HOLDER	SUBJECT	COMMENTS
MYLAN LABORATORIES LTD	PRETOMANID	Pretomanid is an antibiotic medication used for the treatment of multi-drug-resistant (MDR) tuberculosis affecting the lungs. There is one more DMF filed. Pretomanid was approved for medical use in the United States in August 2019. This will be very small product for the US market.
GUJARAT THEMIS BIOSYN LTD	RIFAMYCIN-O	Gujrat Themis earlier filed DMF for Rifa-S, now they have filed for Rifa -O. Rifamycin O, is an intermediate for manufacturing the drug Rifaximin.  Rifaximin is an Antibiotic used for treatment of traveler’s diarrhea, irritable bowel syndrome, and hepatic encephalopathy.
CTX LIFESCIENCES PVT LTD	DEFERASIROX	There are 18 other active DMFs. Deferasirox is sold around USD 150/KG in Less Regulated Markets and above USD 400/KG in Stringent Regulated Markets.  Deferasirox is used to remove excess iron from the body in patients who have had too many blood transfusions.
MAITHRI DRUGS PRIVATE LTD	ADAPALENE USP	Adapalene is used to treat acne. There are 5 other DMFs active. This is low value and high value API. Adapalene is a topical retinoid with FDA approval for treating acne vulgaris. Retinoids are vitamin A derivatives that are typically described in terms of generations with increased specificity of retinoic acid receptor (RAR) affinity
PIRAMAL PHARMA LTD	LEVO-KETOCONAZOLE	Only second DMF. The product was approved in US in December 2021. It is used for the treatment of Cushing's syndrome. In addition to its increased potency, levoketoconazole is 12-fold less potent than racemic ketoconazole in inhibiting CYP7A1. Cushing's syndrome is a disorder that occurs when body makes too much of the hormone cortisol over a long period of time. The reported incidences of Cushing disease in USA were about 6.2 to 7.6 per million persons per year.

General information

Eagle Pharmaceuticals Provides Update on Bendamustine Intellectual Property Portfolio

On January 16, 2024, the United States Court of Appeals for the Federal Circuit affirmed the previously announced decision by the United States District Court for the District of Delaware finding that the 505(b)(2) drug applications referencing BELRAPZO® filed by Slayback Pharma Limited Liability Company (“Slayback”) and Apotex Inc. and Apotex Corp. (“Apotex”) did not infringe Eagle’s previously issued ‘483 patent. Slayback, Apotex, and Baxter Healthcare Corporation (“Baxter”) launched their respective products in December of 2022. 

News here.

The FDA Goes After Homeopathic Eye Drops

Throughout the year 2023, the U.S. Food and Drug Administration (FDA) has had over-the-counter (OTC) ophthalmic products in its crosshairs. In April 2023, and after an 11-day inspection that had begun in February, the FDA found that the Global Pharma Healthcare facility in India did not follow proper protocol to prevent bacterial contamination of its eye products. The company recalled its Artificial Tears Lubricant Eye Drops, distributed by EzriCare and Delsam Pharma, even before the FDA’s inspection was completed. Yet, the Centers for Disease Control and Prevention (CDC) reported four deaths and 14 instances of eye loss after their use

News here

Intellectual Property 

Rucaparib camsylate/PFIZER Vs Hexal AG

T 1126/19 (Rucaparib camsylate/PFIZER) 

Rucaparib, sold under the brand name Rubraca, is a PARP inhibitor. 

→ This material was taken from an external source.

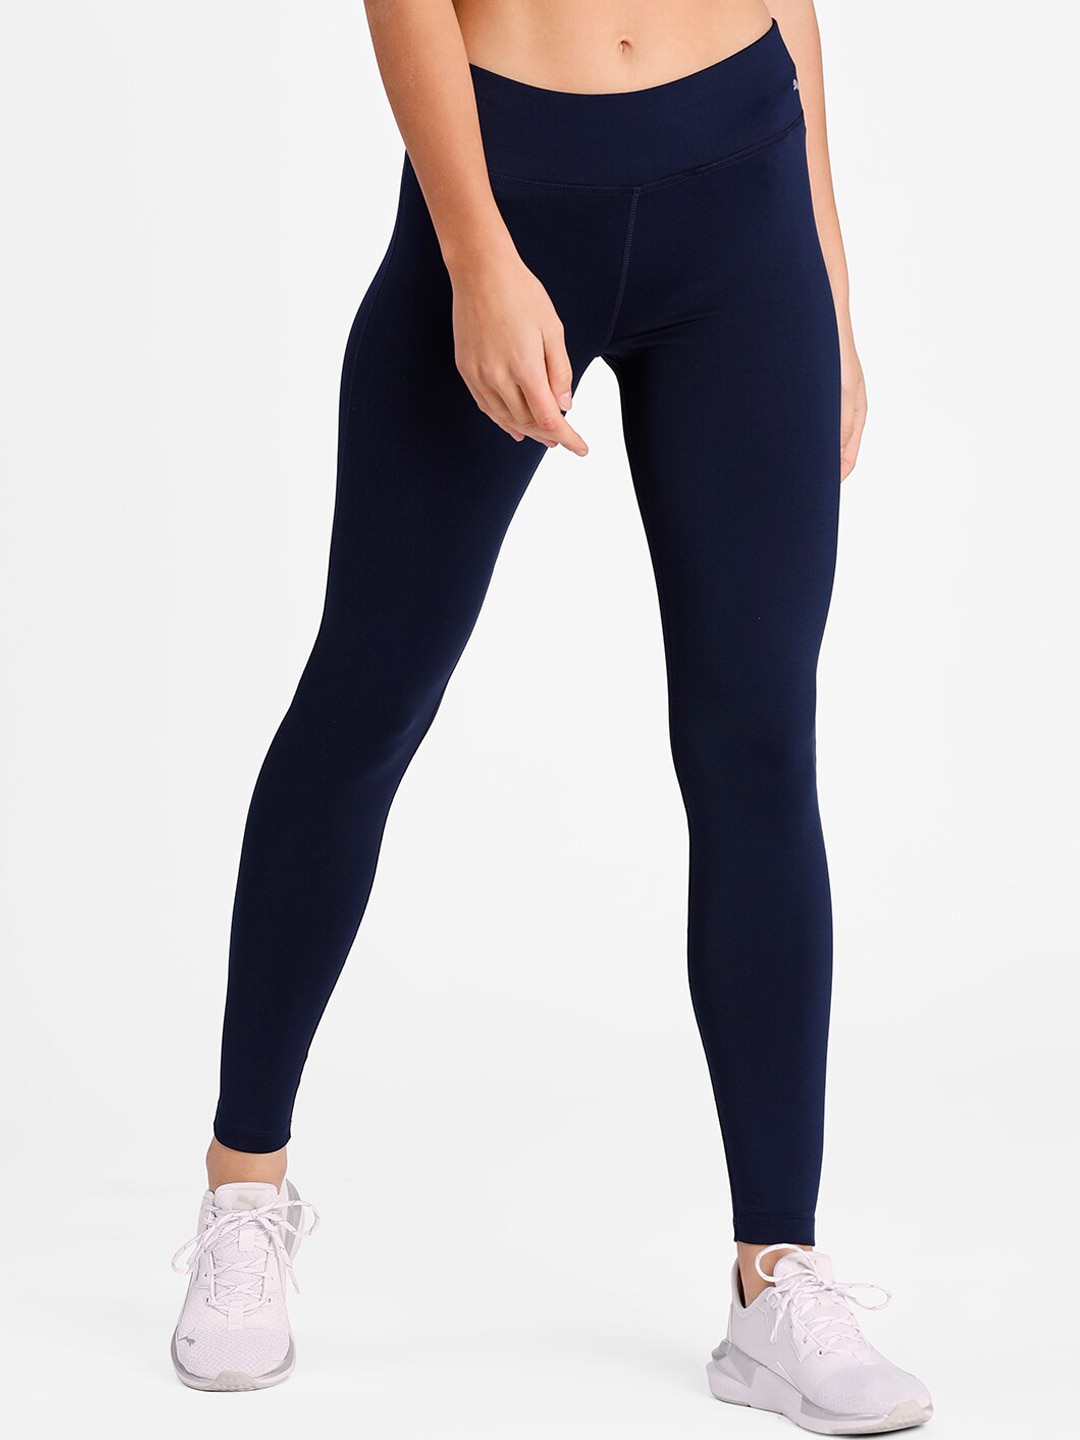 Puma Women Navy Blue Solid Performance Full-Length Training Tights Price in India

It was approved by European Commission (EC)  on 20 November 2023 and has granted marketing authorization for a first-line maintenance treatment for all women with advanced ovarian cancer

The patent under dispute is EP 2534153 was issued to Pfizer and was opposed by Hexal AG.  

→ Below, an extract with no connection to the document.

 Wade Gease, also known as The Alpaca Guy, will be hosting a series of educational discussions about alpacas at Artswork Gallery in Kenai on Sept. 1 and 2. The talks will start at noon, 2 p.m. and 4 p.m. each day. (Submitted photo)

The decision under appeal is the opposition division's interlocutory decision rejecting Pfizer’s main request (patent as granted) and finding that EP  2534153 as amended in the form of auxiliary request 1 met the requirements of the EPC.

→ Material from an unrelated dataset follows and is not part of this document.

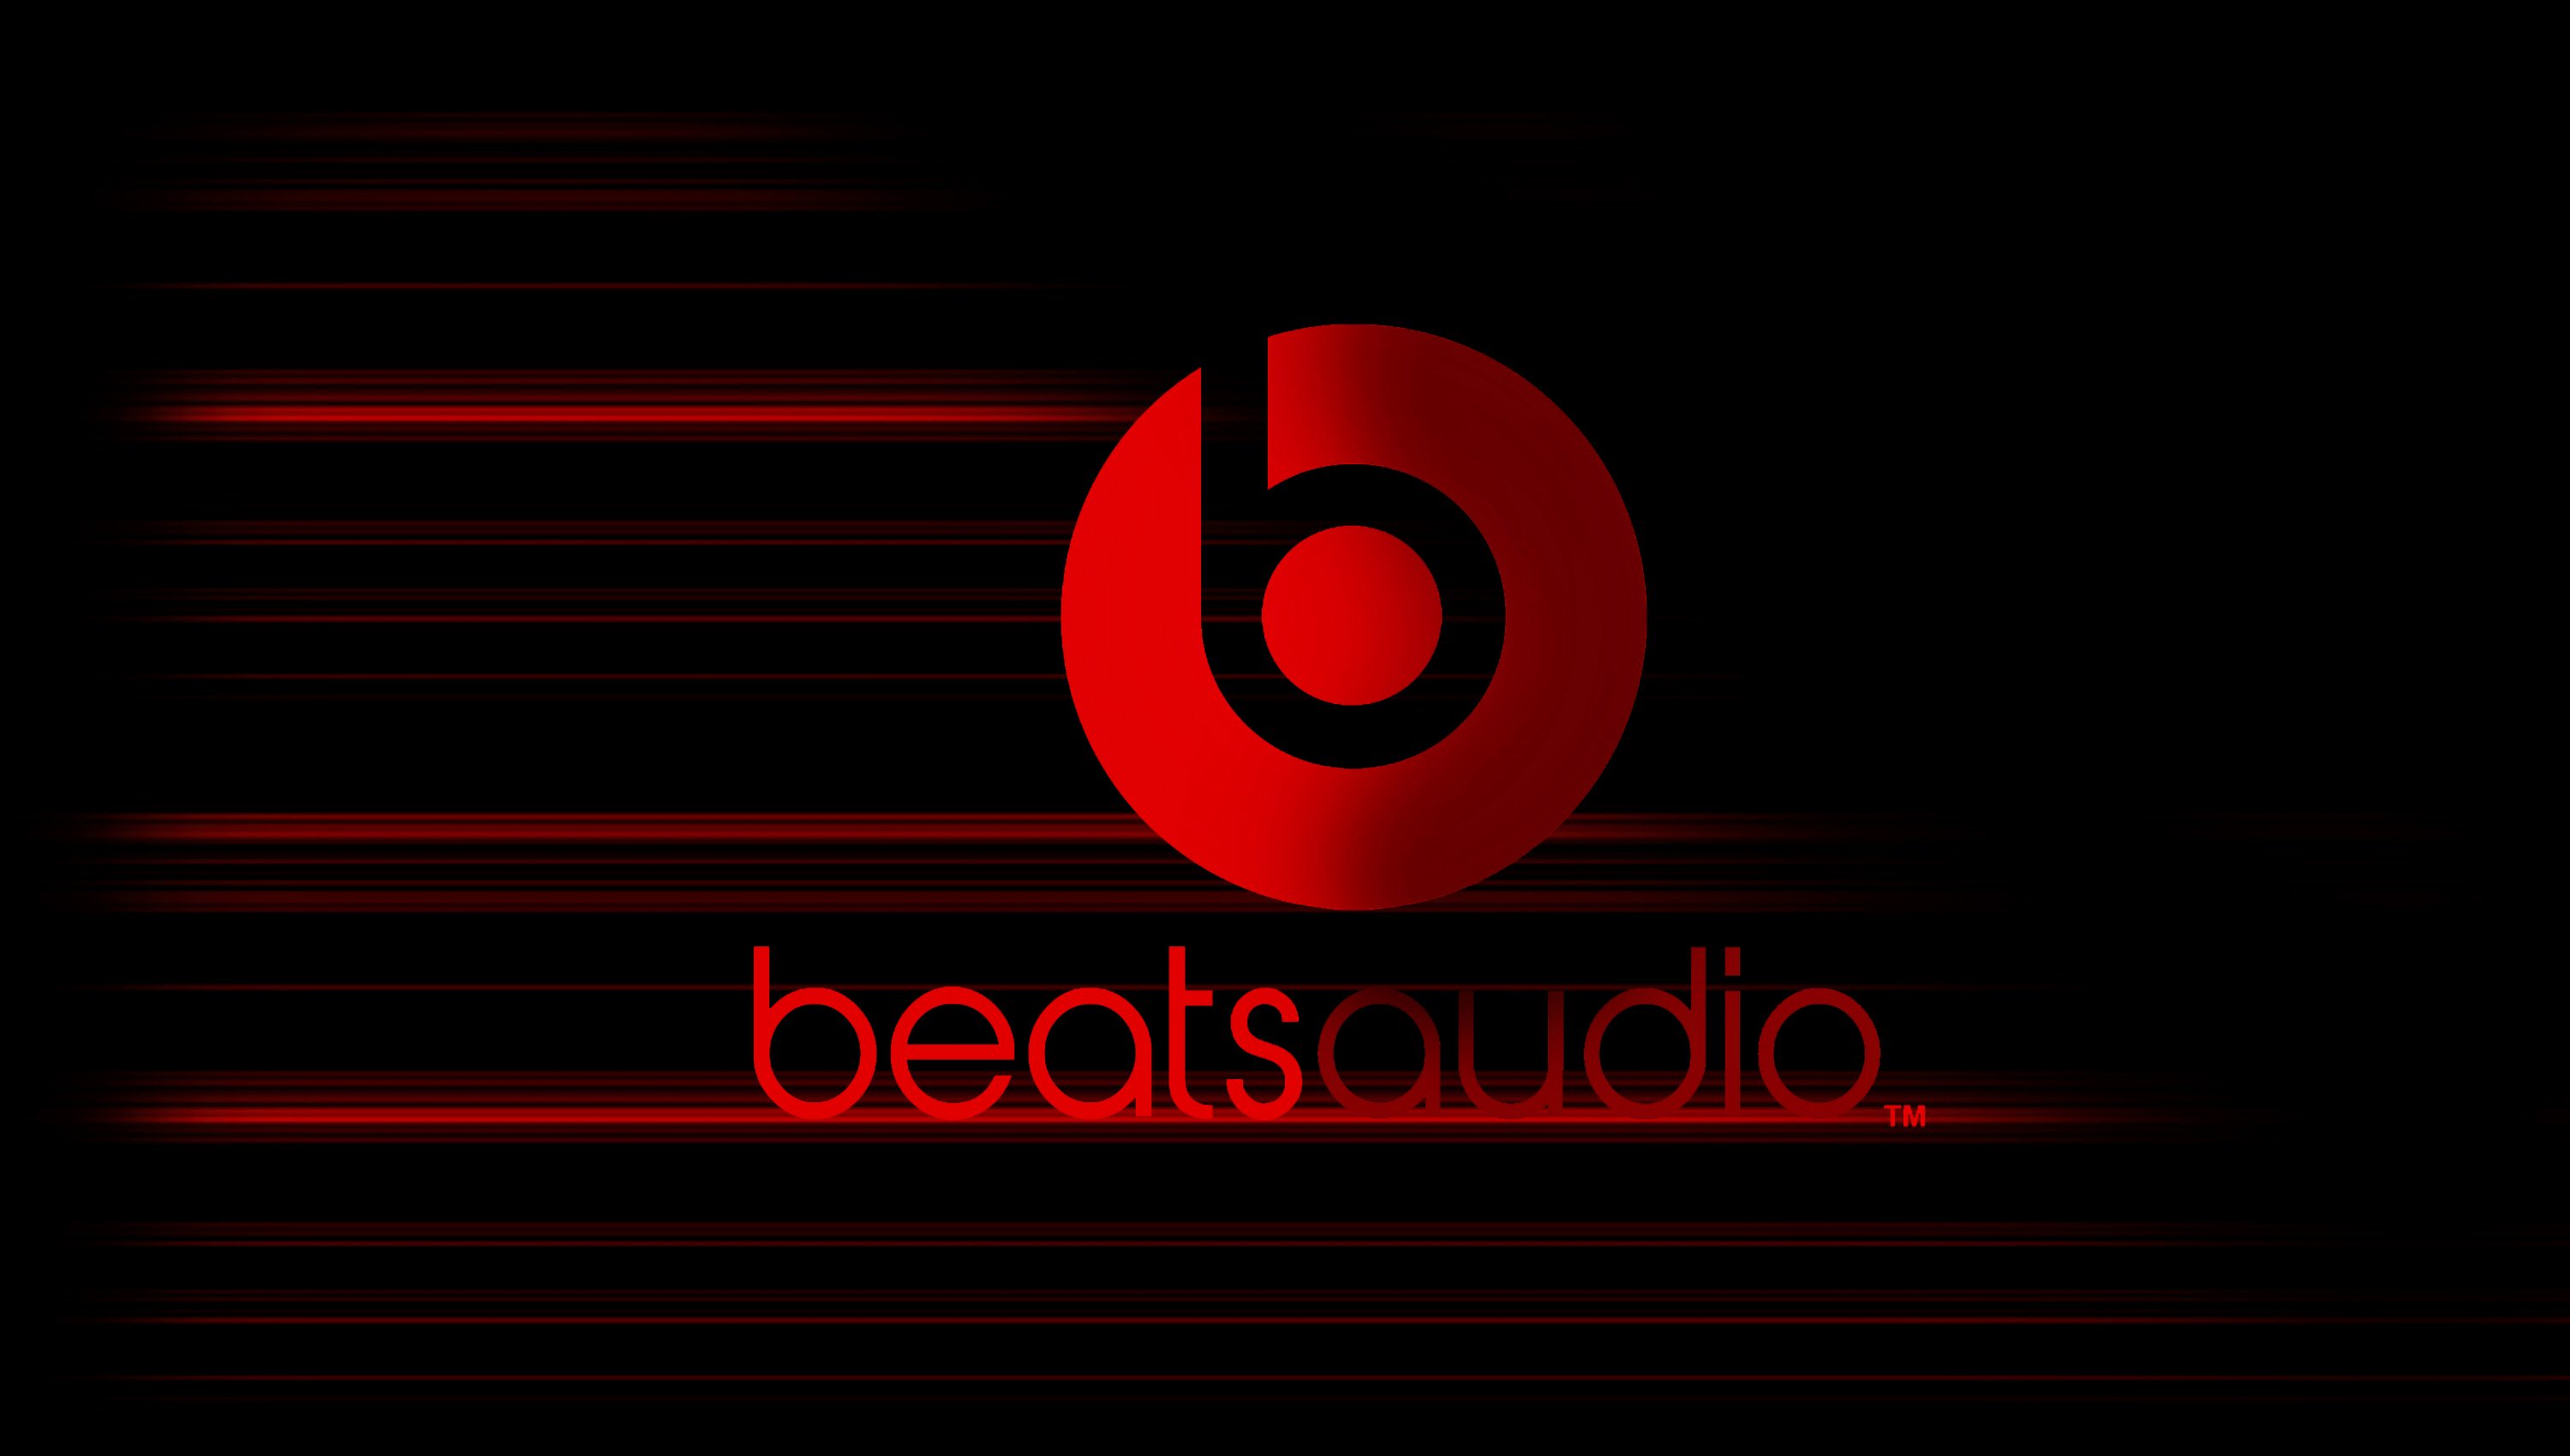 City of Beats instal the new version for mac

The amended version of the patent held allowable by the opposition division contained four independent claims, namely claims 1, 9, 10 and 13. They read as follows:

"1. A camsylate salt of Rucaparib, wherein the salt is crystalline and has a powder X-ray diffraction pattern comprising peaks at diffraction angles 12.2±0.2, 14.8±0.2 and 22.4±0.2, wherein said powder X-ray diffraction pattern is obtained using copper K-alpha1 X-rays at a wavelength of 1.5406 Angstroms."

"9. A pharmaceutical composition comprising the salt of any of claims 1-8."

"10. The salt of any of claims 1-8 or the pharmaceutical composition of claim 9 for use in a method of treating a mammalian disease condition mediated by poly(ADP-ribose) polymerase activity, the method comprising administering to a mammal in need thereof a therapeutically effective amount of said salt or said pharmaceutical composition."

"13. A process for the preparation of a salt of any one of claims 1-8."

The claim 1 is directed to a crystalline rucaparib camsylate salt.

In this write-up we will cover discussions about inventive step.

The following documents are referred to in the present decision related to inventive step discussions:

D1 US 2006/0074073 A1 

D30 Declaration of J.B. Etter dated 16 November 2017 

D33 Declaration of J.B. Etter dated 10 February 2018 

Pfizer and Hexal each filed an appeal against the opposition division's decision.

1. The patent is directed to new polymorphic forms of rucaparib salts. 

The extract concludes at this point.